• **PROBLEM TO WORK ON**
The output is the lines below from the one with "Travel WordPress Theme" through the one with "I ve been meaning", both included, printed exactly and with no other line.

• **ENTRIES SHOWN**
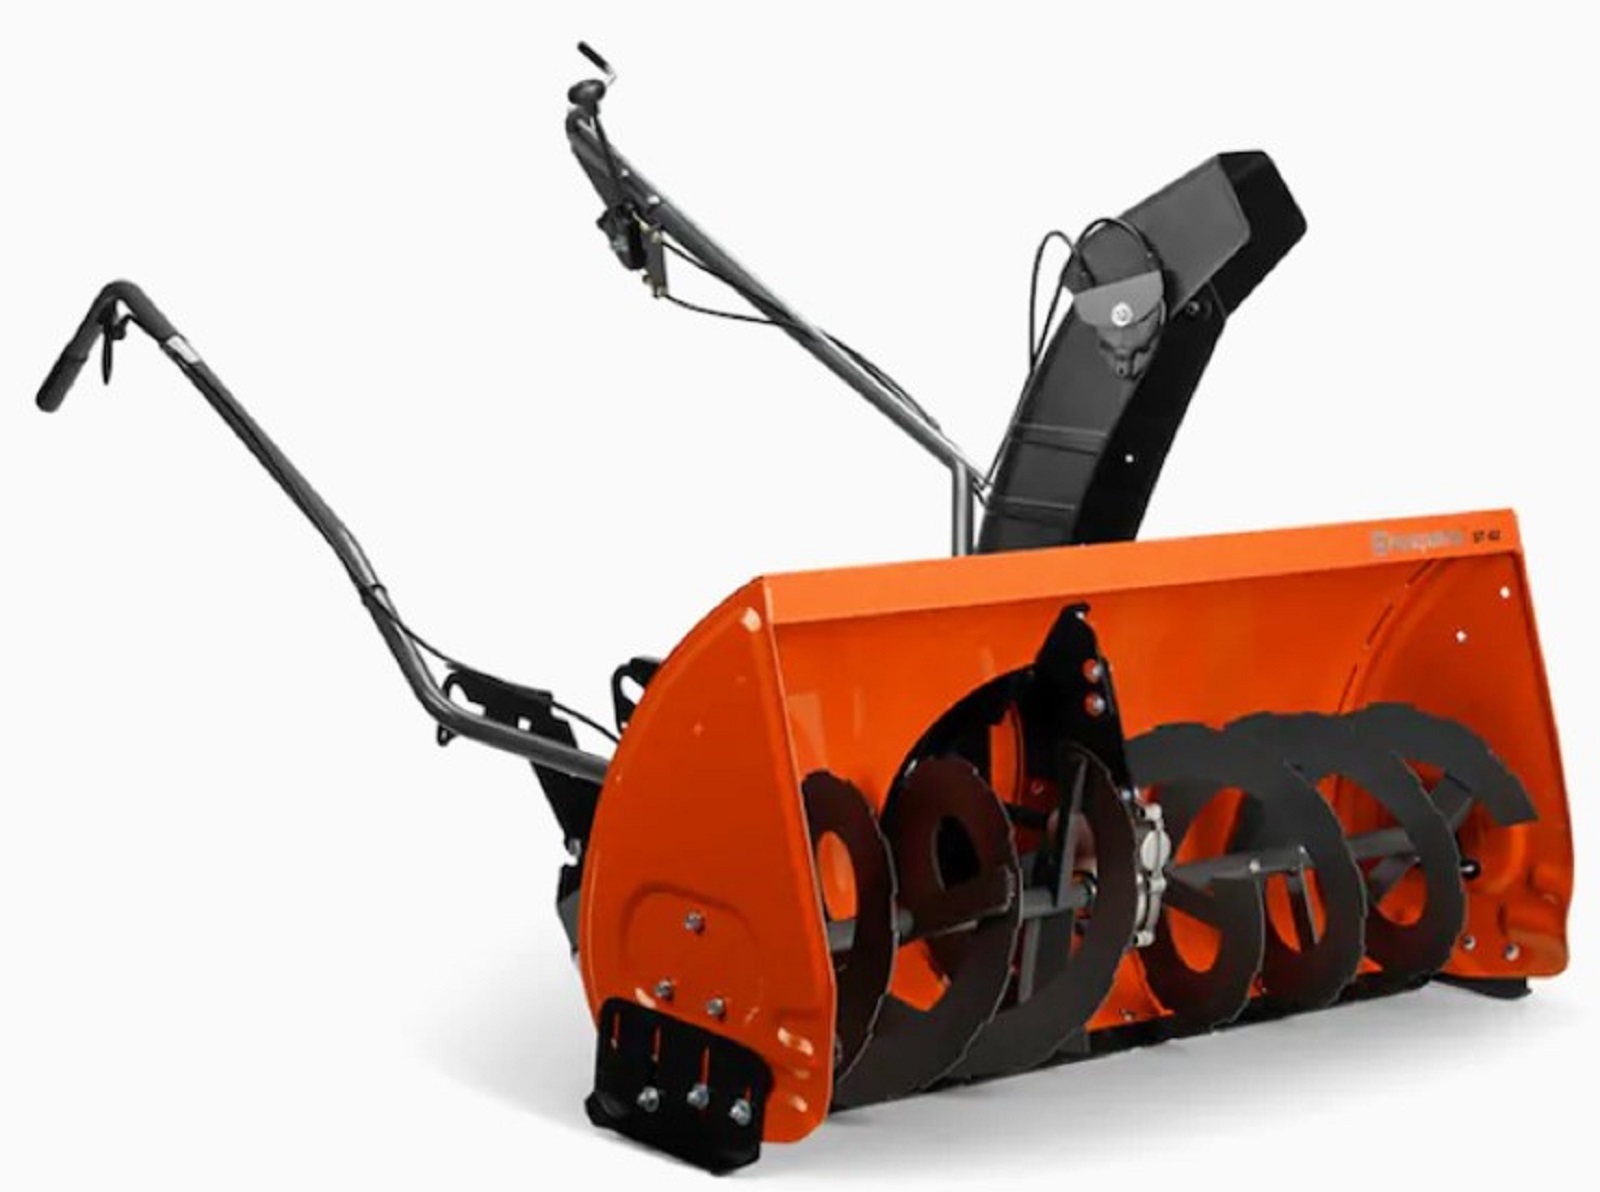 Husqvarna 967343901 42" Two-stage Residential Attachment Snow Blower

...

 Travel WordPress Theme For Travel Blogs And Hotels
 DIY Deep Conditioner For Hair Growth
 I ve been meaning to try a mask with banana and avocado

• **SOLUTION TO THIS TASK**
 Travel WordPress Theme For Travel Blogs And Hotels
 DIY Deep Conditioner For Hair Growth
 I ve been meaning to try a mask with banana and avocado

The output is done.